I've seen other similar questions and followed their solutions, to little improvement. I'm making a model to identify the gender of names. As training data I'm using a list of baby names found here: https://www.ssa.gov/oact/babynames/limits.html. I extracted this data to a new data frame, keeping only one instance of those names occurring more than once, and sorted randomly.

Each name string in a column was converted to a numeric array of lenght max_len and normalized by the function:

def text_to_numeric(column, max_len):
    word_characters = []
    for word in column:
        word_characters.append([c for c in word])

    letters_kept = 25
    tokenizer = tf.keras.preprocessing.text.Tokenizer(num_words=letters_kept, oov_token='<UNK>')
    tokenizer.fit_on_texts(word_characters)

    word_sequence = tokenizer.texts_to_sequences(word_characters)
    words_pre = tf.keras.preprocessing.sequence.pad_sequences(word_sequence, maxlen=max_len,padding="pre")
    words_pre = tf.keras.utils.normalize(input_data)

    return list(words_pre)

The expected output is an array of 2 element list where [1,0] means “Male” and [0,1] means “Female”. The model, where data_file contains processed names and labels, looks like this:

input_length, input_data, output_data = data_reader(data_file)
model = tf.keras.Sequential()
model.add(tf.keras.layers.Dense(100, input_dim=input_length, activation='relu'))
model.add(tf.keras.layers.Dense(100, activation='relu'))
model.add(tf.keras.layers.Dense(2, activation='softmax'))

model.compile(loss='binary_crossentropy', optimizer="adam", metrics=['accuracy'])

model.fit(input_data, output_data, epochs=30, verbose=1, validation_split=0.1)

No matter what, I always get an accuracy of around 75%. I don't know how to choose the model parameters, but I’ve tried with many combinations and the accuracy changes little. So far I've tried: normalizing input, balancing the input dataset so there are the same number of men and women, changing the optimizer, defining an optimizer and change the learning rate, changing layer number, nodes per layer and activation function, increasing number of epochs.
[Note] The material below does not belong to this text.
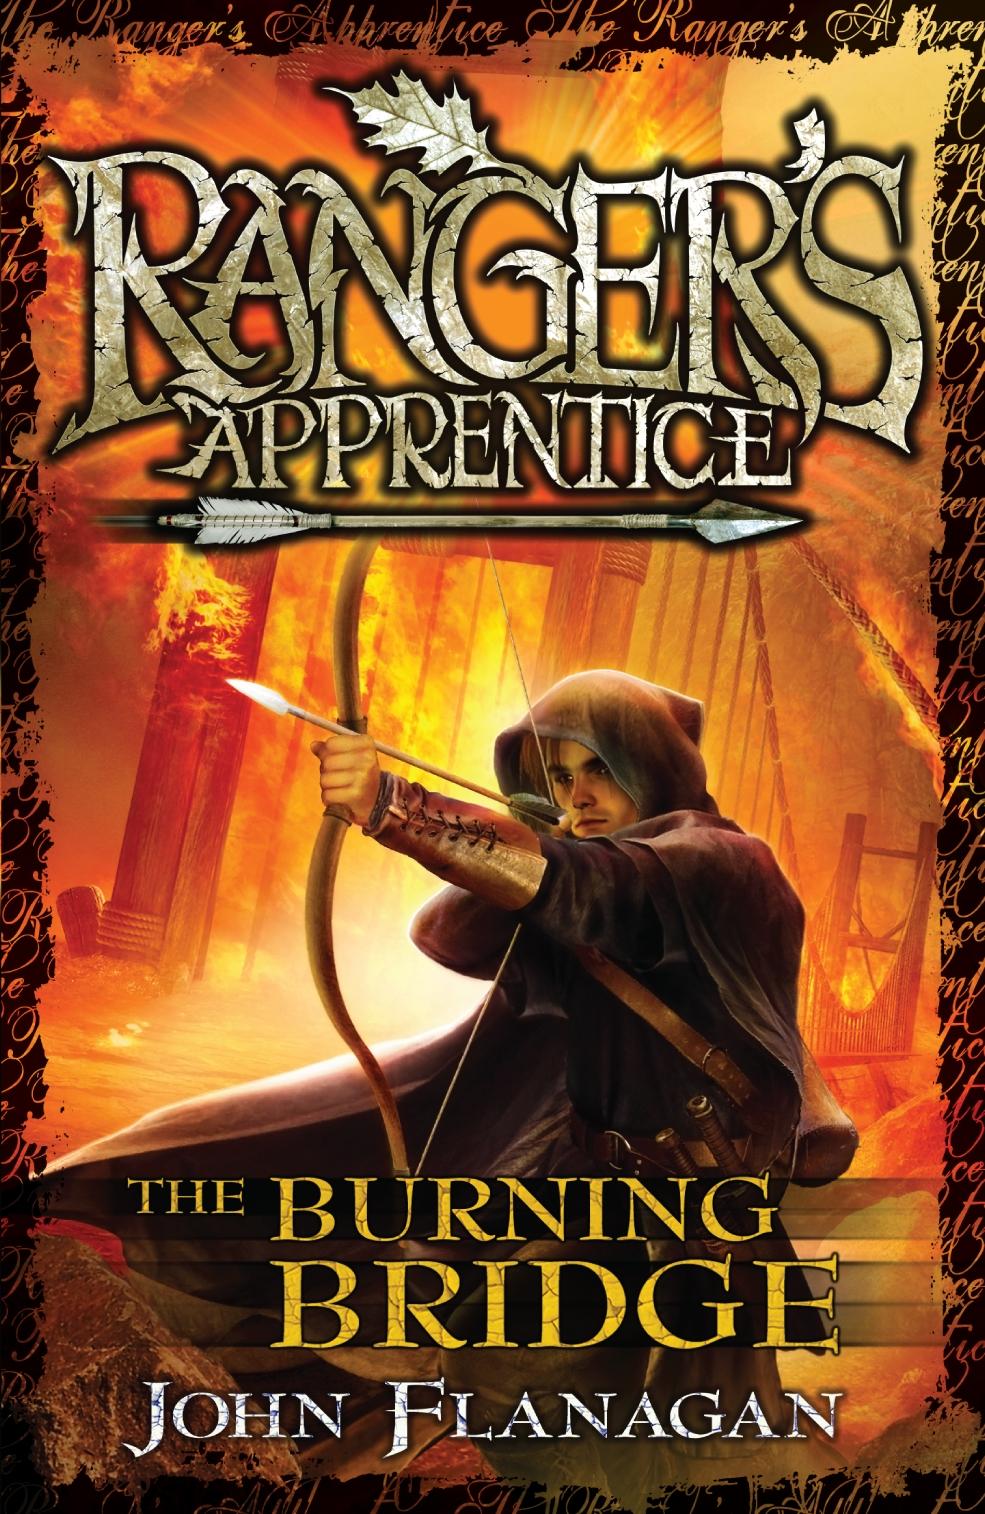 Ranger's Apprentice 2: The Burning Bridge

All of this with no significant change in the model's accuracy. Am I missing something or doing something completely wrong? Is this accuracy as good as it gets?

Chegon
  • 140
  • 1
  • 8
  • 2
    Technically, when using a `Dense(2, activation='softmax')` as a last layer, you should use `loss='categorical_crossentropy'`. The alternative is to keep `loss='binary_crossentropy'` but changing your last layer to `Dense(1, activation='sigmoid')`. As is, it's not sure that you are getting indeed the correct accuracy - see [this](https://stackoverflow.com/questions/42081257/why-binary-crossentropy-and-categorical-crossentropy-give-different-performances) and [this](https://stackoverflow.com/questions/41327601) threads. – desertnaut Jun 04 '20 at 17:39
  • Thanks for the info, although it does not change the accuracy much. – Chegon Jun 04 '20 at 19:45

0 Answers0